Чернышевский — «Что делать?»
Б.-Гарт — «Аргонавты „северной Свободы“»
Л. Толстой — «Живой труп»
одна и та же тема, — и, однако,
как разнообразно{506}!
Литва. 1937 г.{507} Мотив (без слов) — «Хороша страна моя родная» —
23. XI — 1950 года.
Переделкино. Зима — 13°.
Видел сон. Тамара и Кома приехали из Москвы. Тамара хмурая. Кома боком подошел к столу, положил газету и поспешно сказал: «Тут про тебя напечатано». Я развернул «Правду». На второй странице внизу небольшая заметка, не помню уж о чем. Напечатана чья-то фамилия и за ней: «и мерзавствующий иезуит Вс. Иванов». Я похолодел и не стал читать дальше. И проснулся.
10. VII. 1954 года.
Гроза. Дожди не подряд, а с перерывами. В промежутки грохочет гром, сверкают молнии, — и вся эта дачная местность, с ее домиками, заборами из штакетника, грядками огородными, кустами смородины, зараженными огневкой, раздвигается до пределов необычайных, почти звездных…

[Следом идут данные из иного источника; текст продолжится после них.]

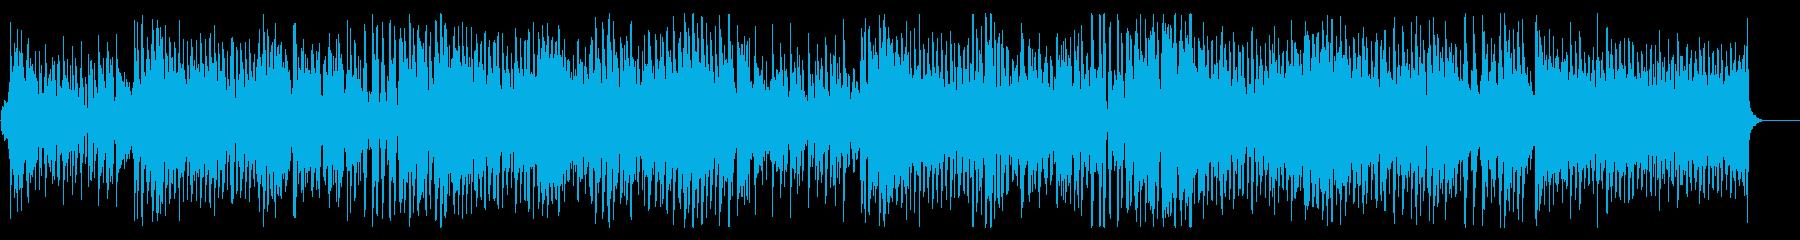 やさしいサウンドと歌声のユーレイポップスの再生済みの波形

Пастернак (встретил его среди сосен, у дороги, лежал в траве, он ходил подписываться по телефону на займ) — Я расскажу тебе почти анекдот. Меня попросили для Бюллетеня ВОКС'а написать, как я работал над «Фаустом». Я сказал, что работал давно, многое забыл, мне не написать ничего и, вообще, святые истоки я боюсь и трогать. Пусть лучше напишет тот, кто знает перевод, а я, если понадобится, напишу несколько слов послесловия, от переводчика. Ну, написал Вильмонт{508}, очень хорошо, а я приписал следующие мысли: Фауст — это владение временем, попытка превратить короткий отрезок времени во что-то длительное, более или менее устойчивое. Я написал это, читаю по телефону сотруднице и спрашиваю: «Понятно?» — Да, понятно, но ведь у нас переводчики, вот они, не знаю, поймут ли. — «А на каких языках выходит Бюллетень?» — На английском. — «Знаете, что? Давайте я напишу вам то же самое по-английски». Я не владею им так же свободно, как русским, но все же… Хорошо. Написал. Спрашиваю: понятно? Отвечают — да, очень, гораздо лучше, чем по-русски; мы это посылаем в набор!.. Все это похоже на павловский рефлекс: собака приучена выделять слюну по таким-то и таким звукам метронома. Все иное ей непонятно. Действует метроном часто? — она выделяет слюну, а по-английски действует другой, более сложный метроном, они по нему привыкли выделять слюну!..
1/I.
Арагон{509}, Э. Триоле{510}, Андрониковы, Н. Хикмет{511}, Л.Ю.{512} и Катанян{513} обед. Вечером — Л. Толстая. Все разговоры о съезде.
2/I.
Вечером — Каверины, жена Кашновского — ужасающая ломака, и опять разговоры о съезде.
3/I.
Никого не было. Читал Мопассана. М. б. — важнее не уметь писать? Они, отцы, чересчур умели.
4/I.
Никого. Головная боль. Пытался писать «Меч-кладенец»{514}, а вместо того обдумывал пьесу, которую вряд ли напишу.
5/I.
Никого. Перепечатывал «Меч-кладенец», очерки о Болгарии. Читал Мопассана; какое странное занятие эта литература.
6/I.
Переписывал «Меч-кладенец». С громадным трудом закончил первую главу. Вечером — [нрзб.] и Василий Вельмицкий.
7/I.
Заседание в «Альманахе». Все срединка-срединка. Вечером — у Л. Брик. — Ученый Бочкарев и М. Плисецкая{515} — как она танцевала.
8/I.
Покупали шкаф. Вечером — В. Ходасевич и ее рассказ о художниках: «А был ли у вас роман с Горьким?»
9/I.
Дома. — В. Ходасевич. Рассказ о Марфе{516}.
10/I.
Дома. Каверин. Крон{517}.— Переписываю «Студеный Кладенец».
11/I.
Дома. Переписывал первую — и самую трудную часть «Студ[еного] Кладенца». В кабинете настилают линолеум.
13/I.
Ходил гулять на станцию и поправлял «Студ[еный] Кладенец». Дневники Л. Толстого за 1910 год. Как странно! А вот Горький дневник не писал. По-видимому, боялся самого себя. Толстой — нет!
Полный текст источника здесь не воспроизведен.